Was mir geblieben ist, ist der Fußball. Mein Verein ist Borussia Dortmund, das kam halt so, als ich acht, neun, zehn Jahre alt war. Das war, wie es eben sein sollte, kein Entschluss, keine Wahl, es war eine Fügung, vielleicht auch eine Notwendigkeit. Man sucht sich ja keinen Verein, der Verein sucht einen und irgendwann hat Borussia Dortmund mich gefunden. Das war lange bevor sie Mitte der 90er Jahre Deutscher Meister wurde und die Champions League gewann und heute würde ich gerne behaupten, dass das damals irgendwie falsch war, die Mannschaft, das Geld, die Schulden, der Größenwahn. Aber damals hielt ich Andreas Möller für ein Genie und Lars Ricken für ein Talent, und natürlich schämte ich mich nicht, als der ganze Irrsinn offensichtlich wurde, die Schulden größer – aber richtig freuen konnte ich mich über die Meisterschaft 2002 schon nicht mehr, denn auch damals stimmte mit der Mannschaft etwas nicht, ich sage nur: Márcio Amoroso.
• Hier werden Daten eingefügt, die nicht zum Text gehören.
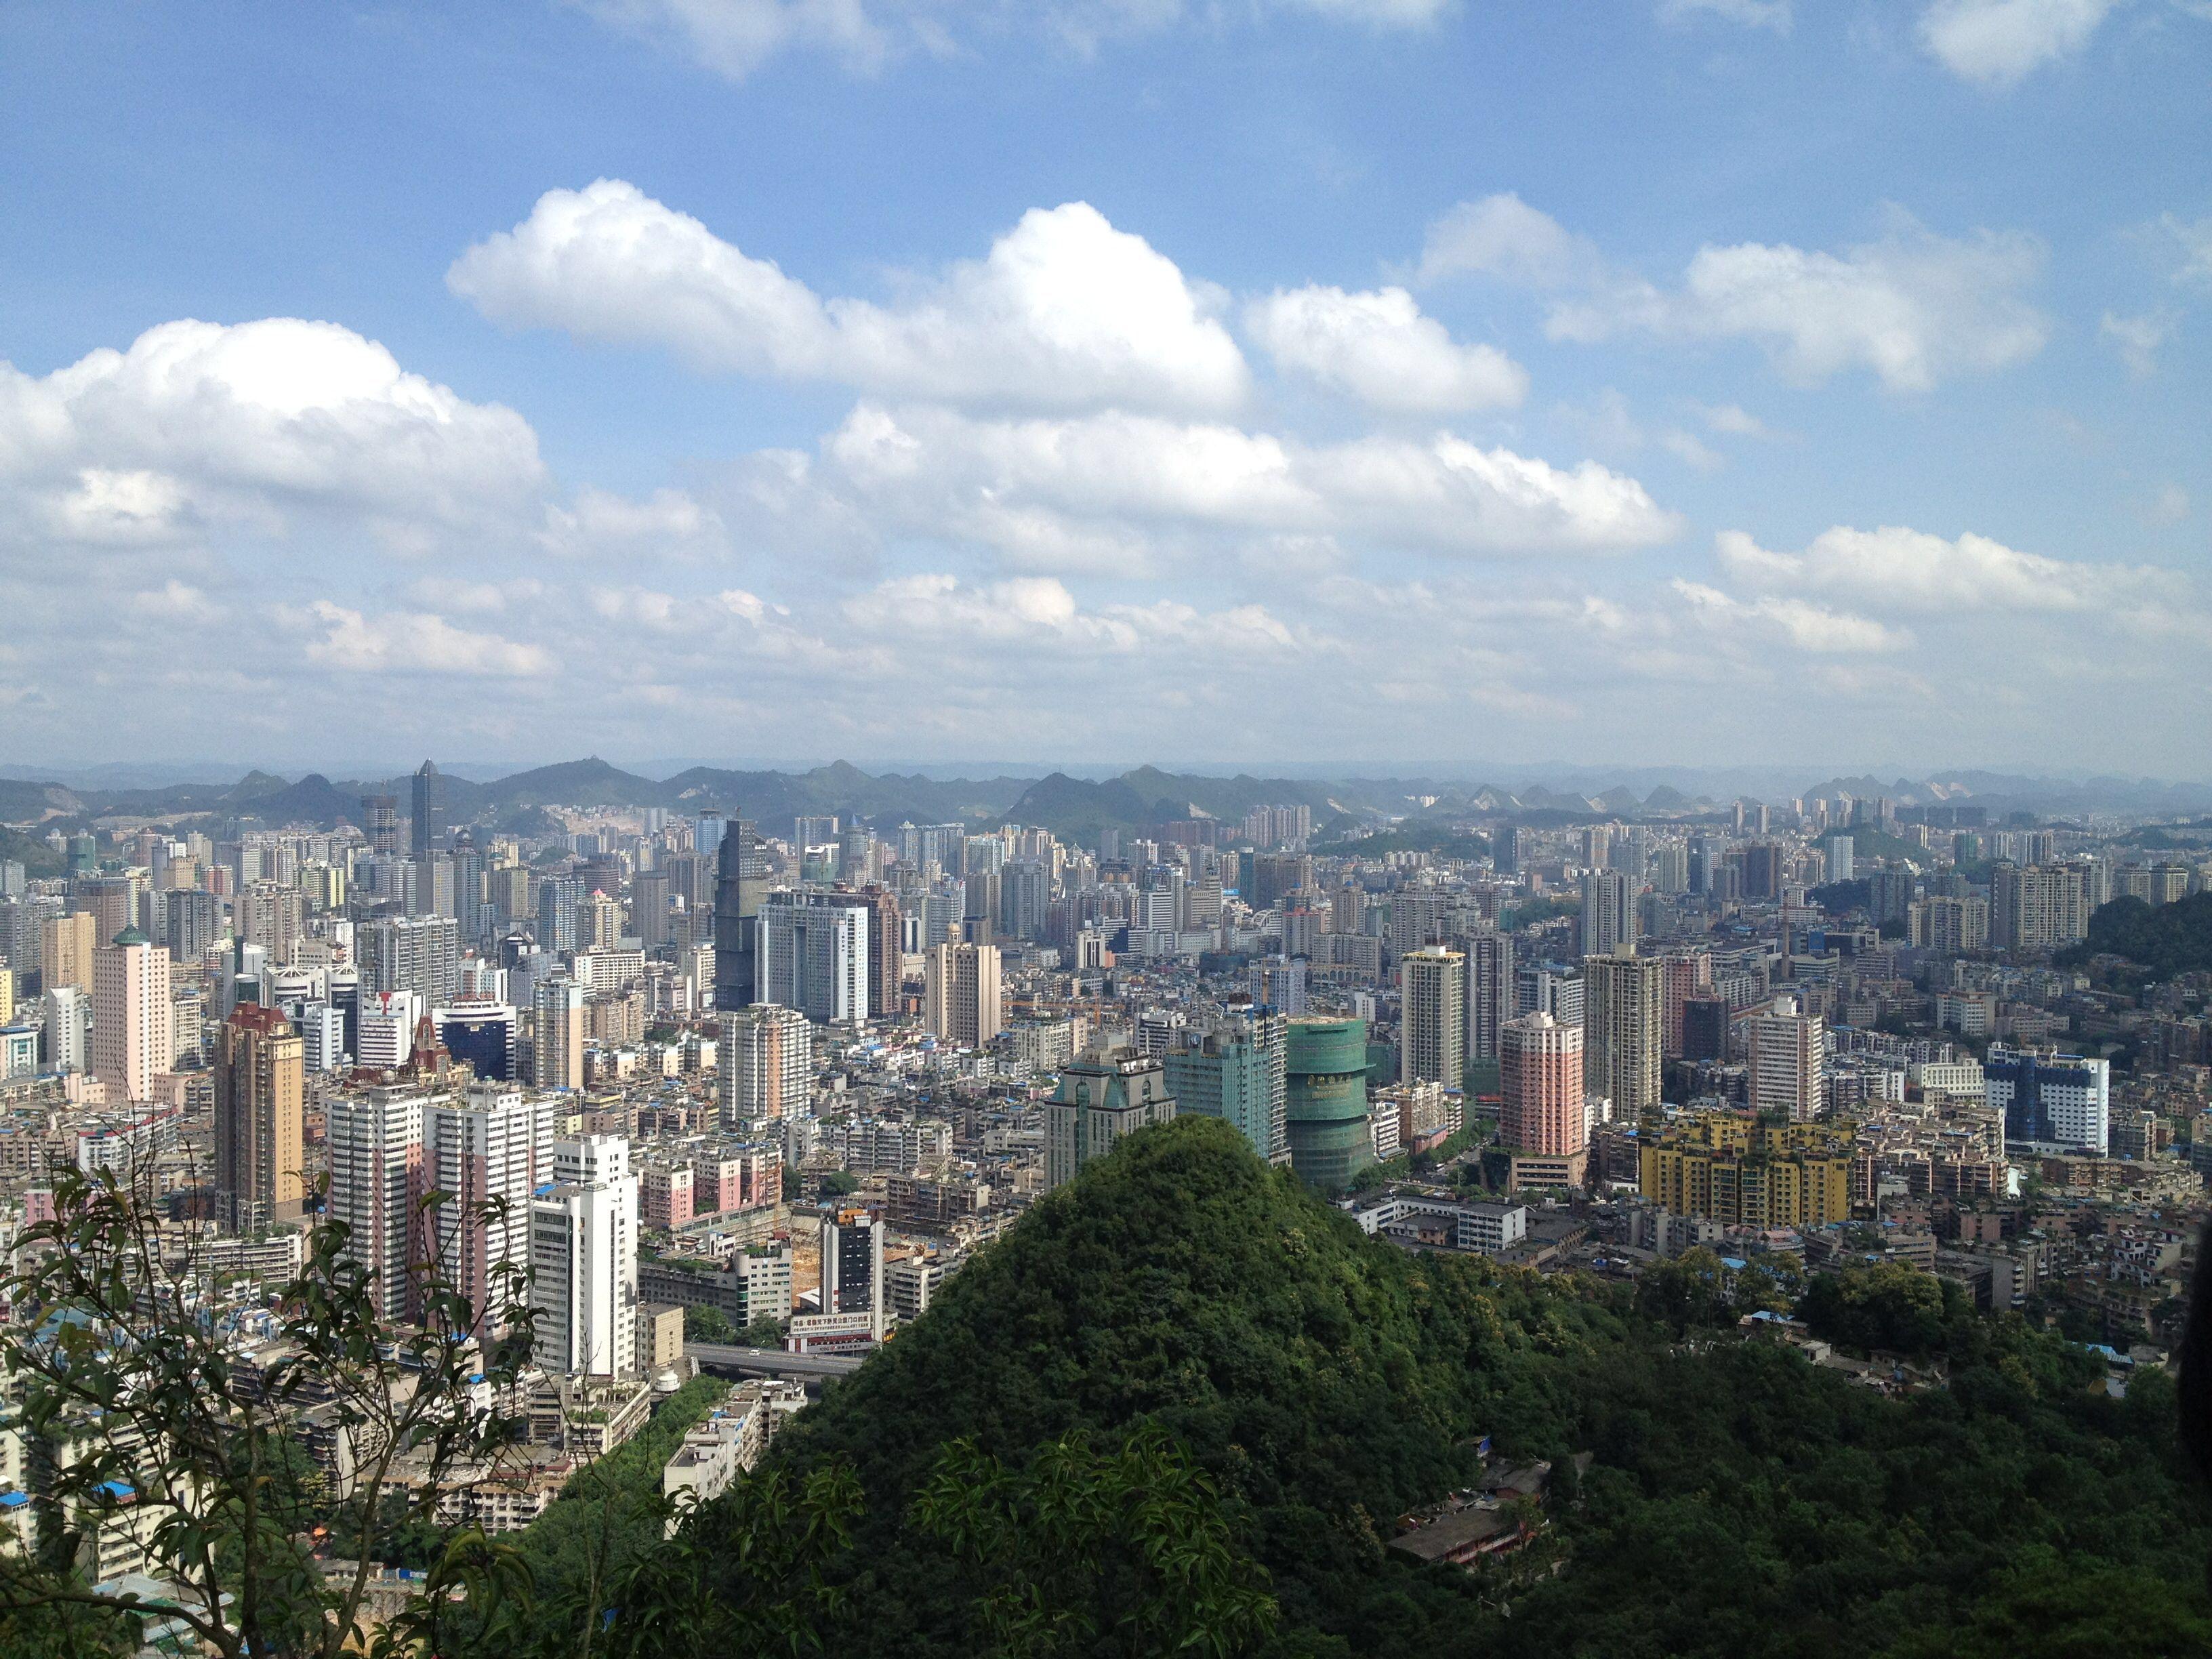 【携程攻略】贵州黔灵山公园适合朋友出游旅游吗

In den letzten Tagen wurde Borussia Dortmund oft mit der Romantik in Verbindung gebracht. Das stand am Montag im „Spiegel“ und heute in der „Süddeutschen Zeitung“. „Fußball-Romantik“ ist das Schlagwort der Stunde, plötzlich wimmelt es in Dortmund von „Fußball-Romantikern“, Vorstandschef Hans-Joachim Watzke ist demnach der „Fußball-Oberromantiker“, aber der Vorzeigeromantiker ist natürlich Jürgen Klopp, der Trainer, der der Mannschaft nicht nur diesen furiosen Fußball beigebracht hat, sondern offensichtlich auch ein Romantik-Pro-Seminar abgehalten hat, damit die jungen Spieler wie Mats Hummels, Mario Götze und Nuri Sahin ja nicht auf die Idee kommen, sich gegen die Idee der Romantik zu stellen und beispielsweise zu Bayern München wechseln, jenem Verein, der mit Romantik nichts zu tun hat.
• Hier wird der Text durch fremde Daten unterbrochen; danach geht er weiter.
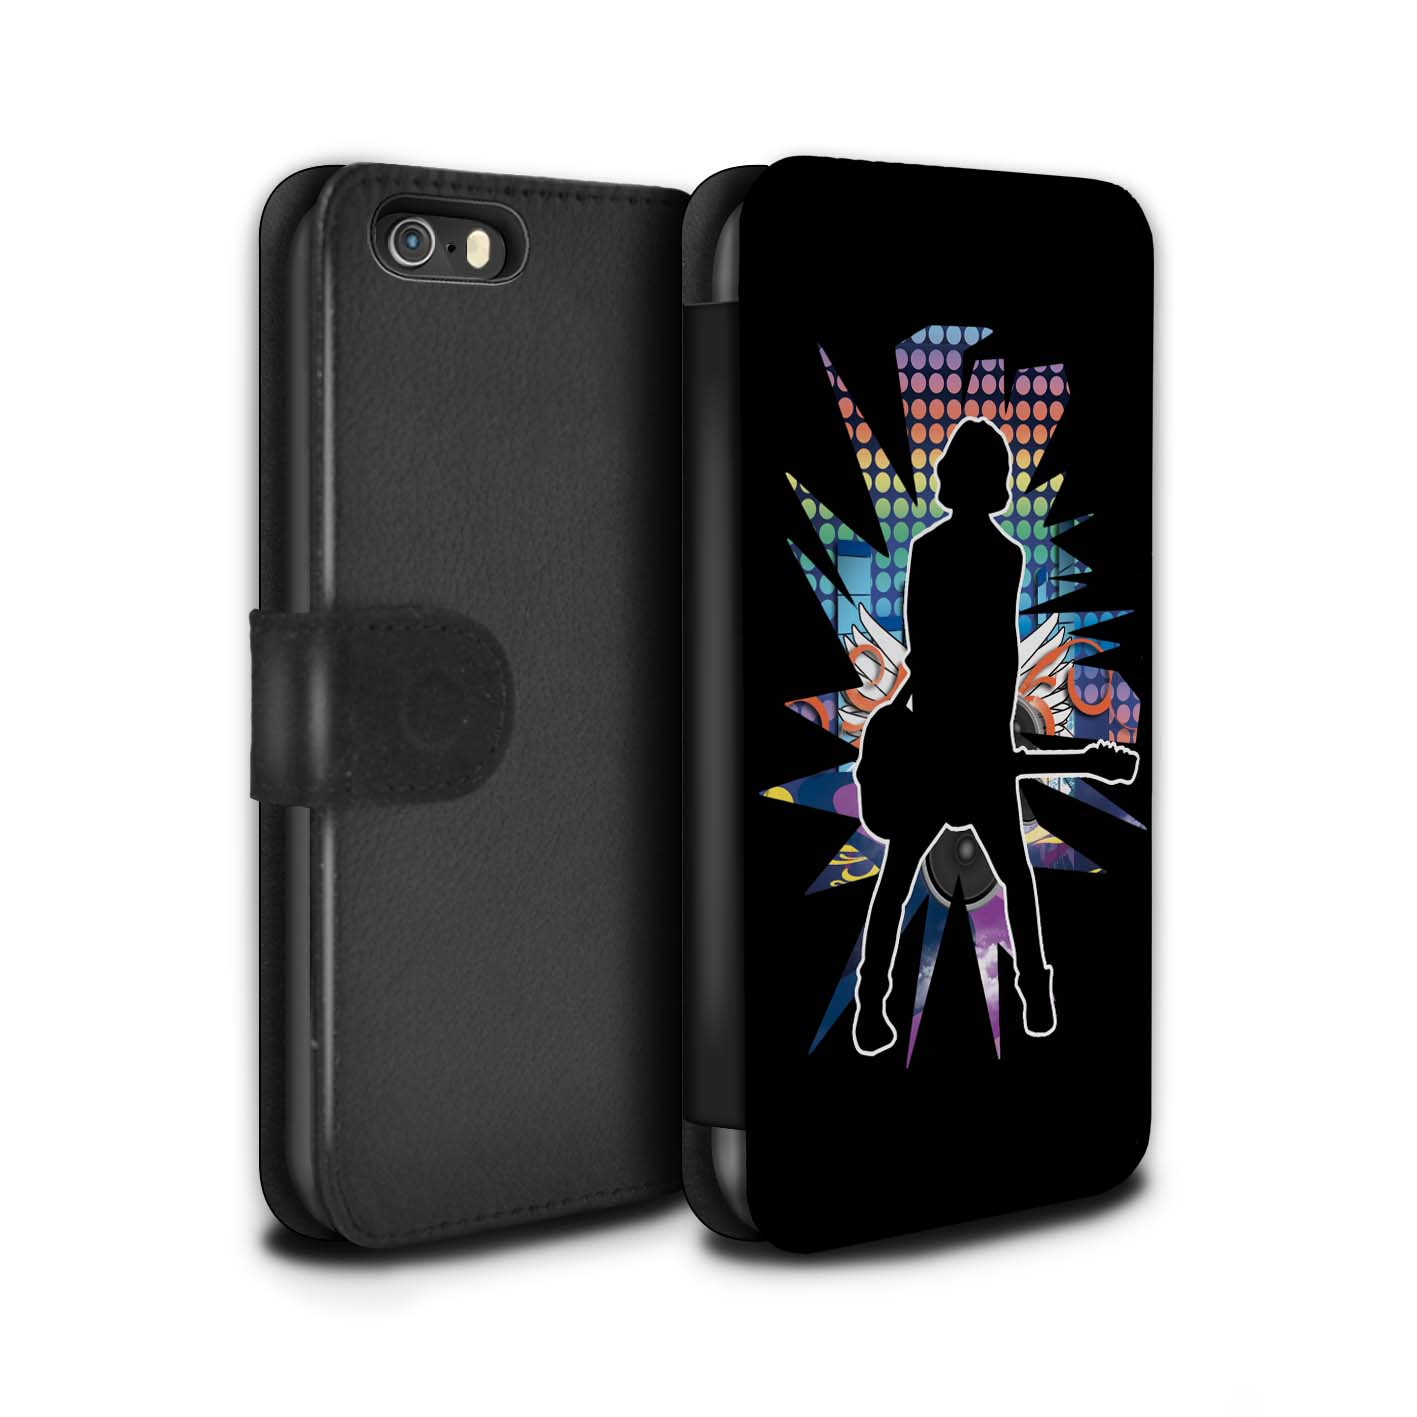 STUFF4-Coque-Etui-Case-Cuir-PU-pour-Apple-iPhone-SE-Rock-Star-Pose

Vielleicht stimmt das alles. Aber wenn das stimmt, dann sollte man in Dortmund allerdings auf das gefasst sein, was der Romantik epochengeschichtlich folgt, nämlich die Epoche der Restauration. Und auch diese muss man unterscheiden, es gab nämlich zwei Strömungen, zum einen den Vormärz, der sich durch hohes politisches Engagement auszeichnete, und das eher besinnliche Biedermeier. Die Gemeinsamkeit dieser Post-Romantik-Epoche bestand darin, dass die Literaten jener Zeit auf die neuen Herausforderungen reagierten, die die Moderne Anfang des 19. Jahrhunderts mit sich brachte: die Einen wollten sich engagieren, sich politisch und sozial einsetzen; die Anderen umtrieb die Angst vor dem Neuen – sie suchten ihr Heil in der Tradition.
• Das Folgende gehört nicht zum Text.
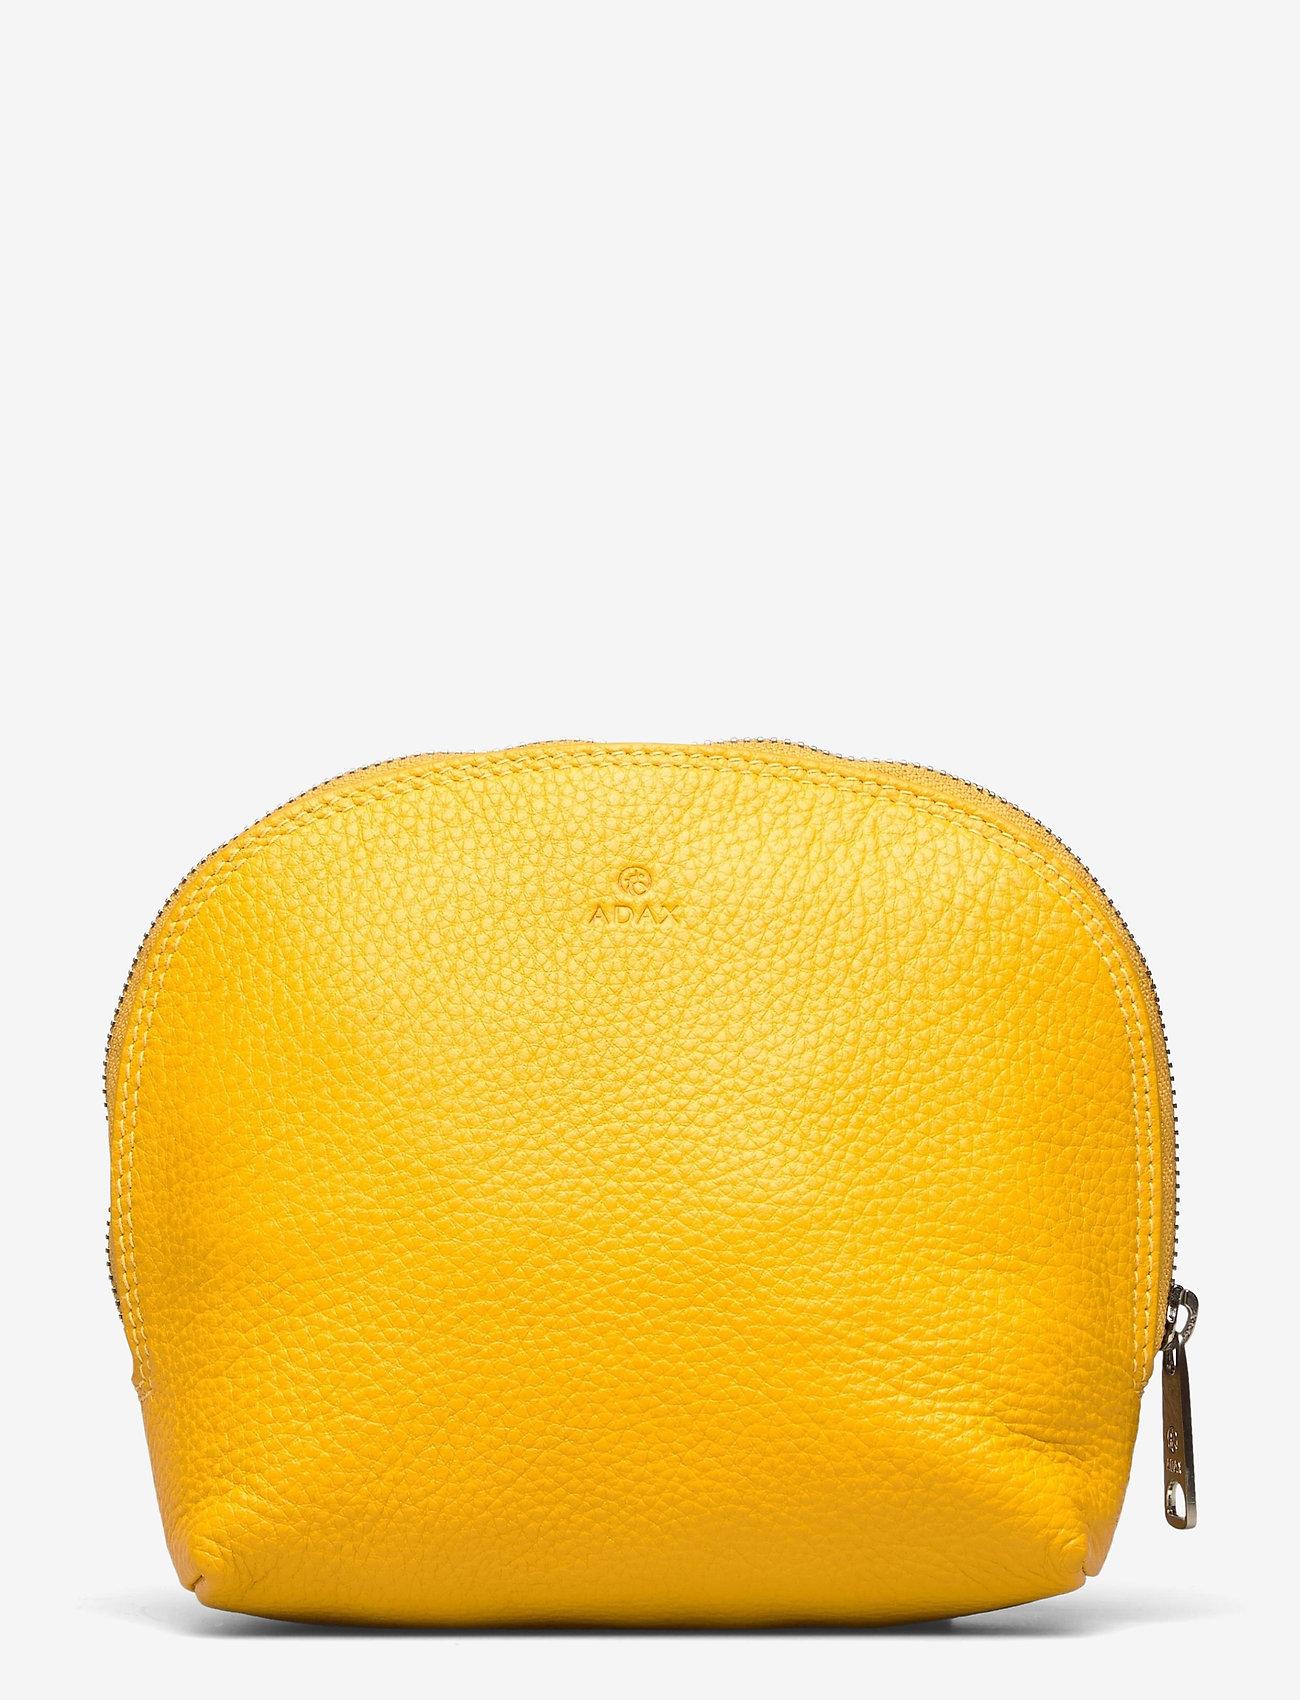 Adax - Cormorano cosmetic purse Lova - trousses de toilette - yellow - 0

Vielleicht sollten das die Verantwortlichen in Dortmund wissen, wenn sie darüber nachdenken, was kommen könnte, nachdem man im Mai Deutscher Meister geworden ist mit dieser romantischen Mannschaft, diesem romantischen Trainer, diesem romantischen Fußball, diesem romantischen Vorstand. Sie sollten es wissen, damit nicht alles wieder so schlimm und grausam und finster wird wie Ende der 90er Jahre, als es in Dortmund die Epoche des Barock gab, dem die Aufklärung folgte, die schließlich in der Romantik mündete.

Heute Abend spielt Dortmund gegen Leverkusen, die ARD überträgt das Ganze live und alle, alle, alle sind sich sicher: wenn Dortmund heute gewinnt, werden sie Meister. Gewinnen sie nicht, werden sie wahrscheinlich auch Meister, aber es könnte spannender werden, jedenfalls ein bisschen. Ich muss heute zu Ikea. Die haben bis 22 Uhr geöffnet. Wenn ich mich beeile, schaffe ich es vielleicht bis zum Schlusspfiff.

Das wäre übrigens eine gute Überschrift für meine Autobiografie. Der Restauration folgte übrigens der Realismus.